12 The Economic Model Example This example illustrates how to use interior point algorithm with the model, to do trade-off analyses, understand the impact of constraints, and in some cases do optimizations. Interior point algorithm—We can use it to find a point that is interior to a region, and satisfies all the constraints simultaneously, so in this case, it represents a feasible economic policy for a country. It is done interactively by sequentially choosing values of the variables. (Fig 13)

13 Result of Choosing The First Variable Once a value of the first variable is chosen(Agriculture output), the dimensionality of the region is reduced by one. We can see the relationship between Agriculture and Fishing (Low ranges corresponds to each other). So it’s possible to find a policy that favors Agriculture but not favoring Fishing and vice versa. Mining and Fishing (see from the lower lines of Fishing in Fig.13). We find the competition between them.
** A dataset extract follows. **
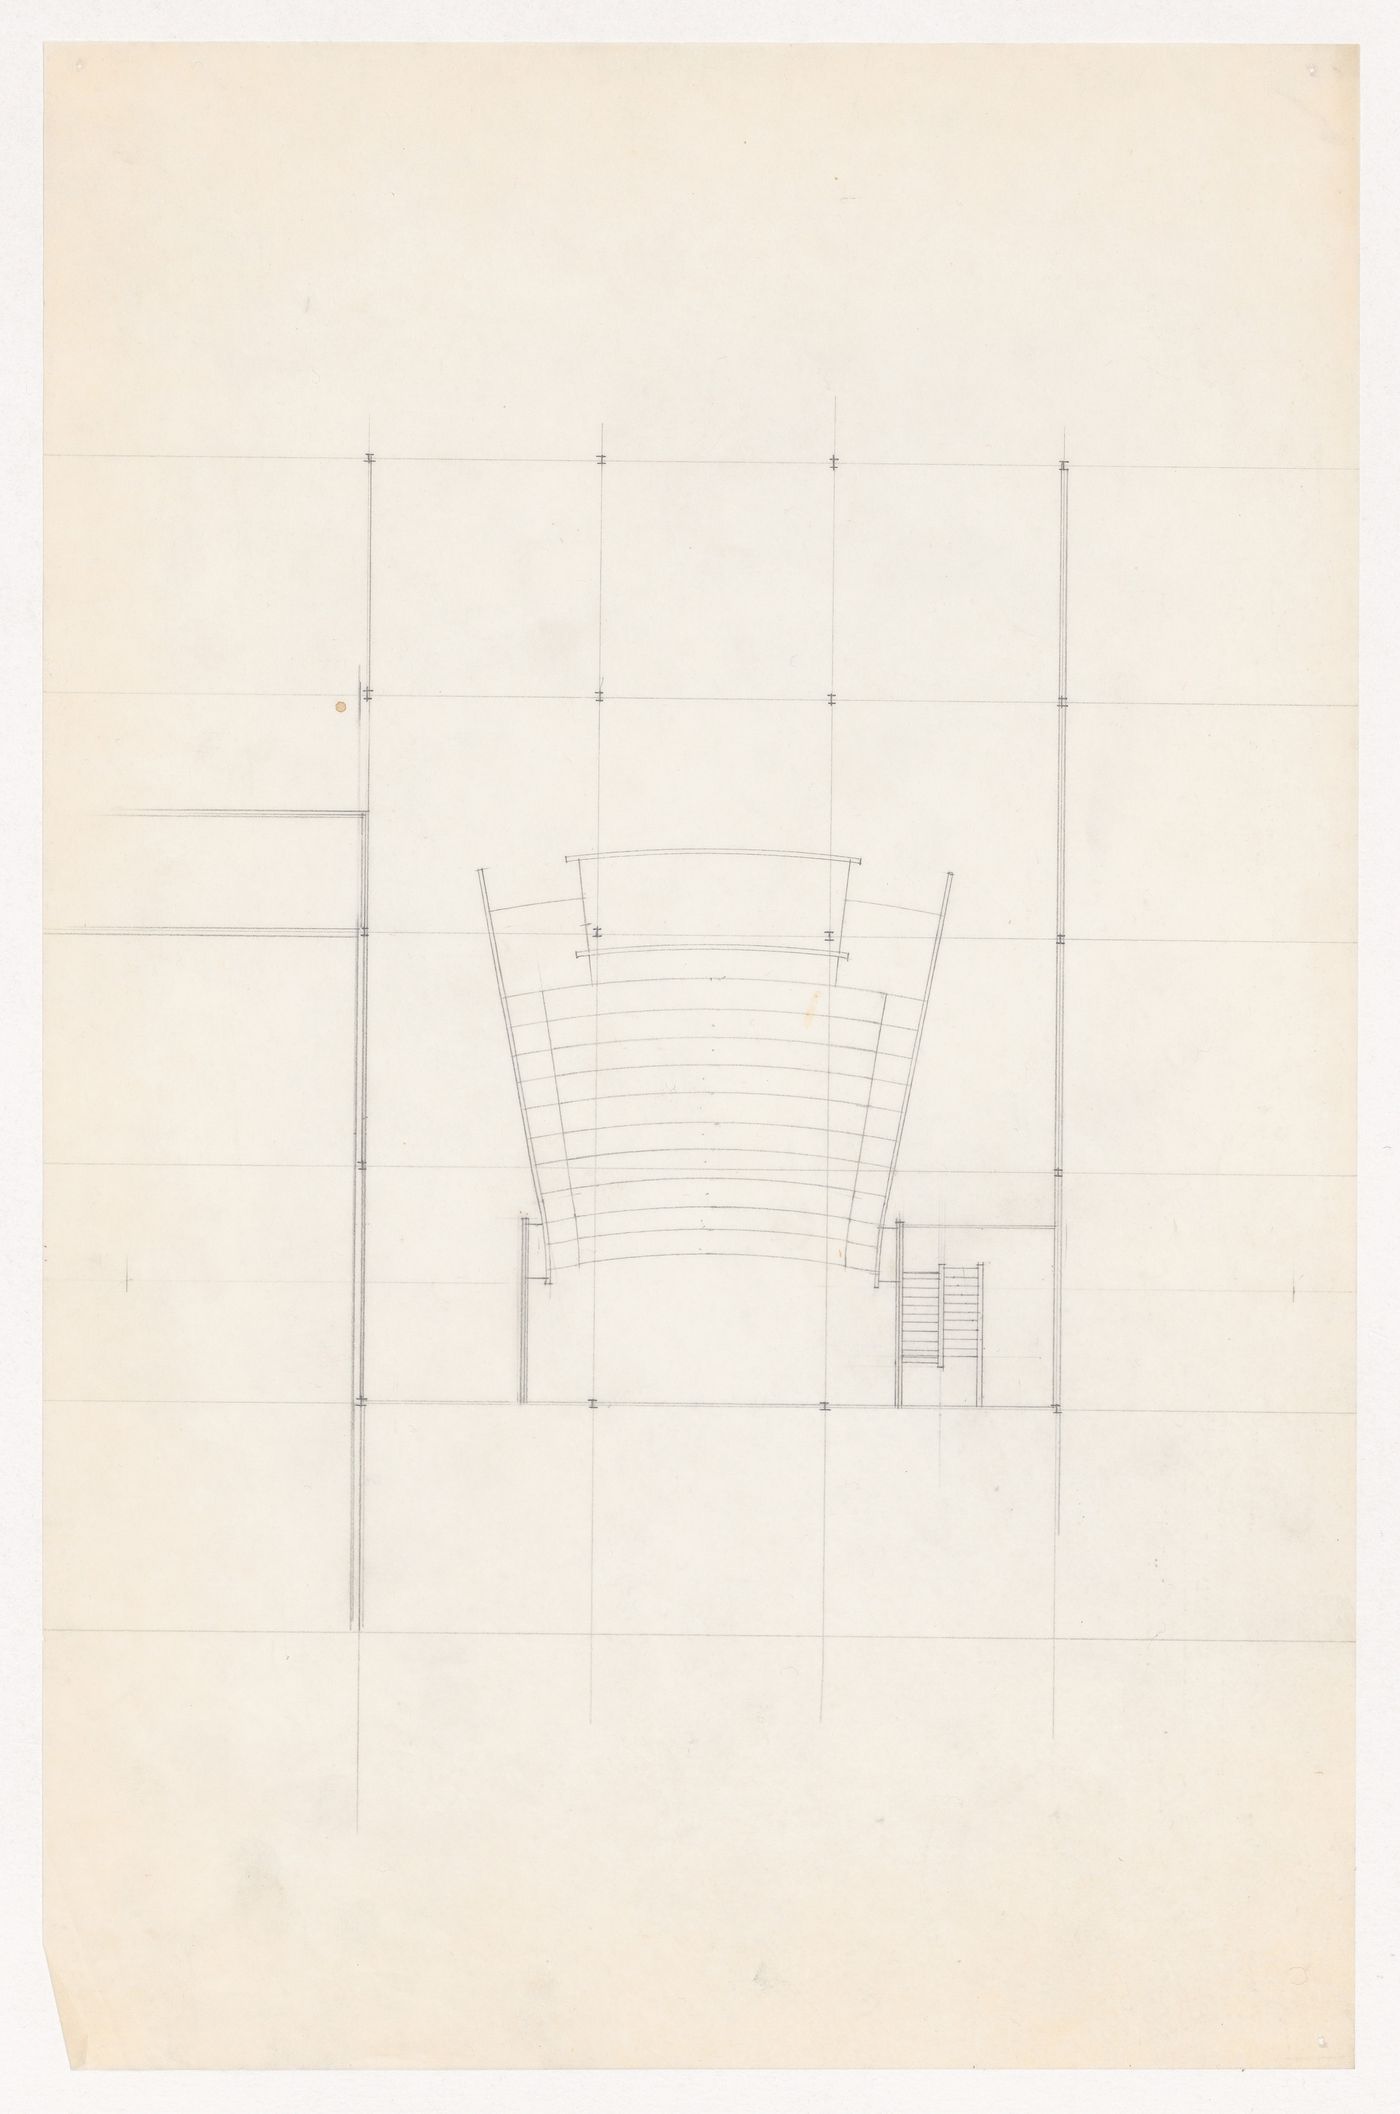 Plan for an auditorium for the Metallurgy Building, Illinois Institute of Technology, Chicago

14 Neighborhood In Fig.15, a 20-dimensional model. The intermediate curves provide useful insights. The steep strips in X13, X14 and X15. These 3 are critical variables, where the point is bumping the boundary.

15 Boundary Point and Exterior Point Boundary point—If the polygonal line is tangent to anyone of the intermediate curves then it represents a boundary point. Exterior point—If it crosses any intermediate curves. Exterior point enables us to see the first variable for which the construction failed and what is needed to make corrections. By changing variables interactively, we can discover sensitive regions and other patterns.

16 Before We Come To Conclusion Is this model merely a model, or is it used (with the “intuitive” functionalities and high interactivity) in any software products? Is this model accurate enough? Is it sufficient to come to any conclusion about a problem using this technique when data set is very large? How to become a skillful detective? Can any software substitute people?

17 Conclusion Each multivariate dataset and problem has its own “personality”, so it requires substantial variations in the discovery scenarios and calls for considerable ingenuity ( a characteristic of a detective). An effort of automating the exploration process is under way. It will have a number of new features, like intelligent agents, which will learn from gathered experiences.